How to Digitally Preserve a Book

View previous topic View next topic Go down

How to Digitally Preserve a Book

Post  Frater_NS on Wed Aug 13, 2008 6:52 am

How to Digitally Preserve a Book:


Making an electronic version of an old paper or book the very first time can be a very daunting process. It can be very intimidating to use new software and tools for the first time, but taken step by step it not as difficult as it seems.

The bare minimum of equipment needed is a flat bed scanner (very reasonably priced), a computer and the correct software to enable you to scan.

Most new scanners will come with software which will allow you to scan documents and save them as a picture (JPG, TIFF) or as Adobe Acrobat PDF format. A lot of new scanners come with more advanced software (e.g. PaperPort) which has all the functionality needed to create electronic documents. At the very minimum, a scanner will come with the "TWAIN" driver to allow your scanner to interface with other software. Check your scanner documentation or the vendor's web site for more information.

In my opinion, the most flexible and widely supported format for electronic documents is the Acrobat PDF, and this FAQ will give step by step instructions on how to scan a paper document and produce a PDF file.

Scanner Settings:
For most documents its best to use these scanner settings:

  • Black and White
  • 300-400 Dots Per Inch (DPI) scan resolution.


I would only recommend using “Grey Scale” or “True Colour” for your document if you are forced to, as it creates massive files. However, a few good reasons why you might would be:

  • Document has grainy or discoloured paper
  • Uneven surface
  • Water damage
  • Can’t lay the document completely flat


Positioning the book on the scanner:
1. Position the book straight, and tightly up against the top edge of the scanner.




2. Hold the book down firmly or apply a weight on top.
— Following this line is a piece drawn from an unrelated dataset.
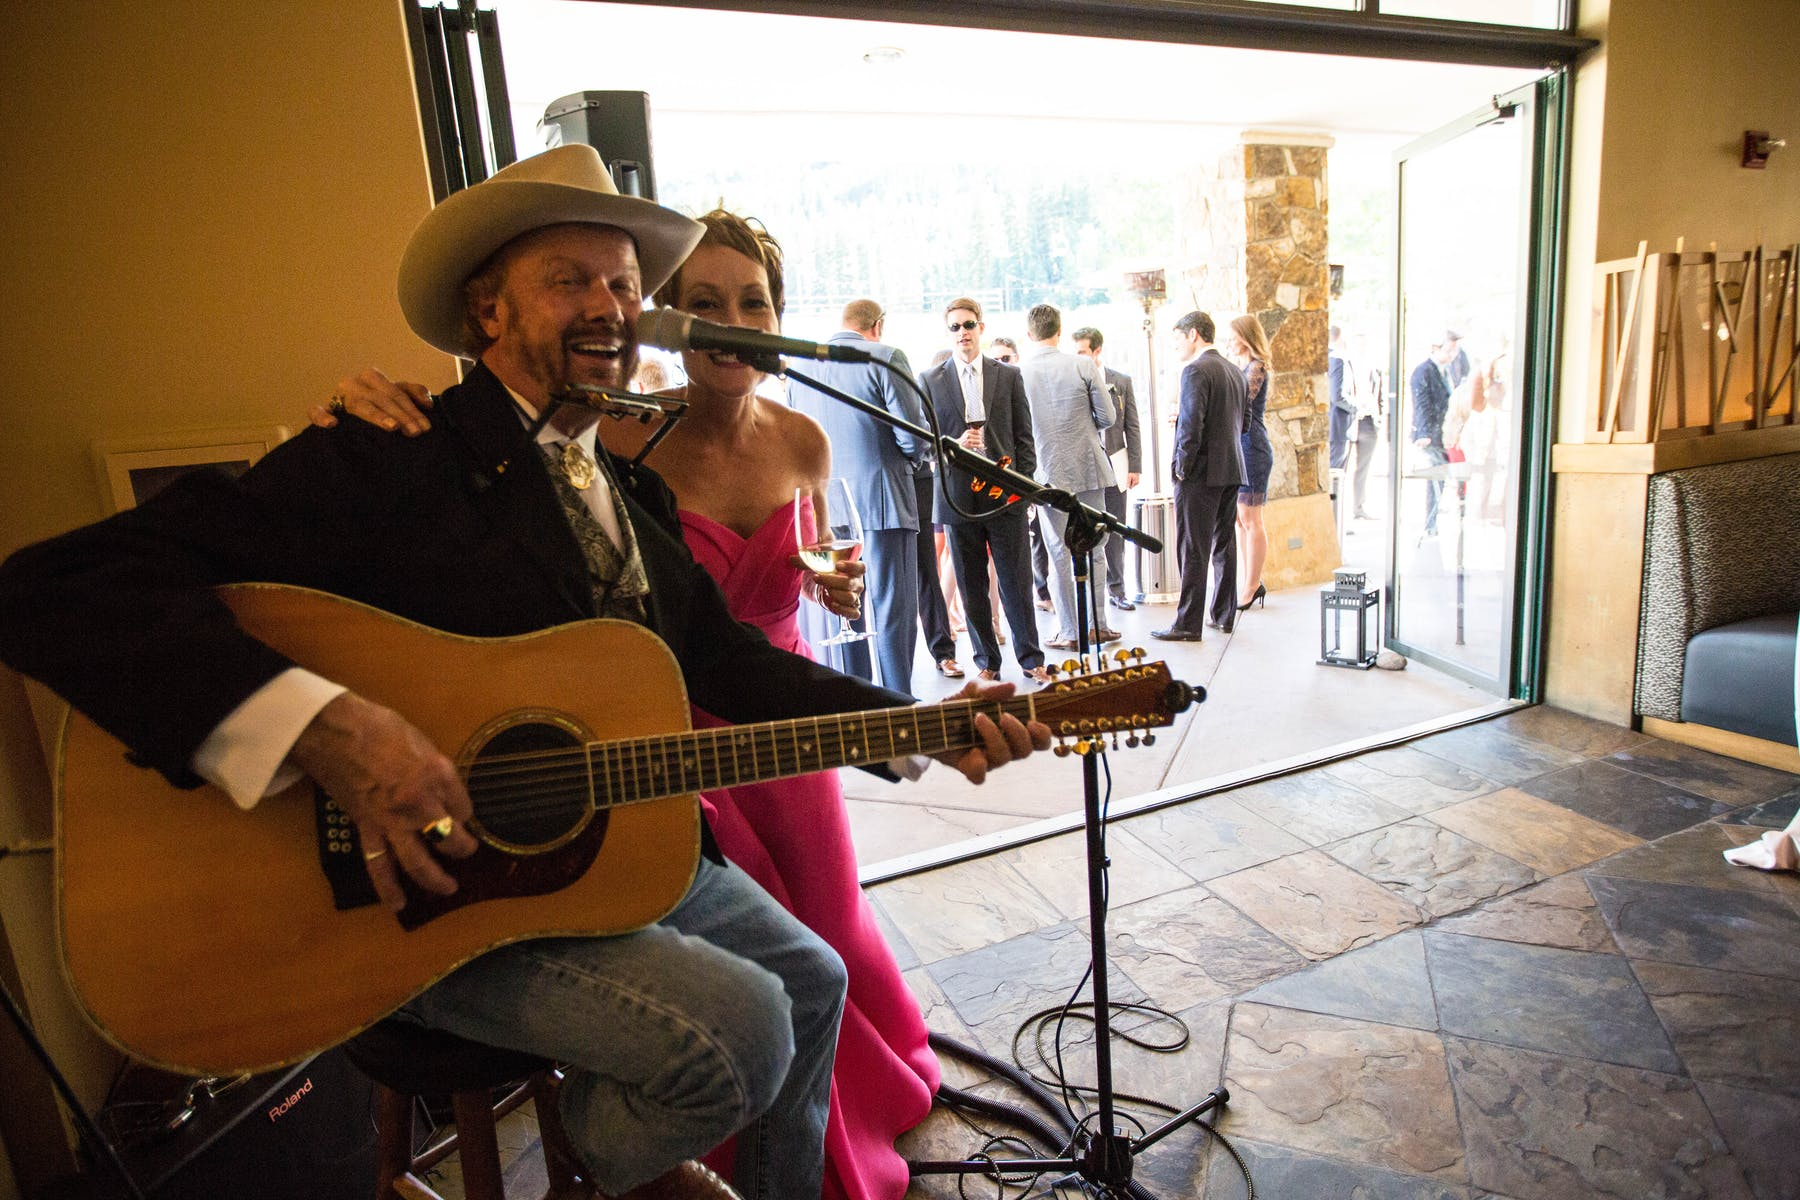 Larkspur Wedding Venue Vail Colorado Mountain Patio Outdoors Musicians

Any 'air gap' should be eliminated as much as possible, as it will lead to a black line appearing on the final scanned image.



3. Click scan on the PC and continue to the next page.

If the book is tightly bound and you are worried pressing the book flat will break the spine, one way to scan it is to drape the book over the edge of the scanner, pressing the book flat. Scan and then rotate the book around to scan the second page. It’s a lot more time consuming, but it causes less damage to the book's spine.

If you are ultra paranoid about breaking the spine of the book, you can select "True Colour" scanning (instead of black & white), and very loosely place the book on the scanner. The final file size will be huge, but it will eliminate the need for the book to be held down.

Scanning using ABBYY FineReader:

1. Use the big "SCAN" button to scan the pictures in and repeat for each page. Don’t worry about formatting and tidying up the image - all this can be done later. Or, if you have used another program for scanning, load them into ABBYY using File->Open PDF of Image.


2. Page Menu->Edit Page Image


3. Use the Crop Tool to crop the page down to size. Do this for each page. Try to find a size which matches all the pages.
If you are brave use the “Apply to all images” button.



4. Select the Split Tool.




Move the splitter bar into the middle of the page and press "Split Image". Do this for all the pages.

5.Use the Deskew & Straighten Tool to straighten pages, and the Eraser Tool to remove any artifacts or blemishes from the page.


Close the "Edit Page Image" Window.

6. You now have two options:
Use ABBYY’s Optical Character Recognition function to convert the scanned image into digital text. This can then be exported as a PDF.
OR
Define each page as a “Picture” and then export as a PDF.

7. Using OCR (exporting as text):

Click the Analyze button to define the area of text and pictures:



Click the Read button to OCR the text:



OCR is not perfect and it often introduces errors into the output texts. It is important to manually check each page for errors.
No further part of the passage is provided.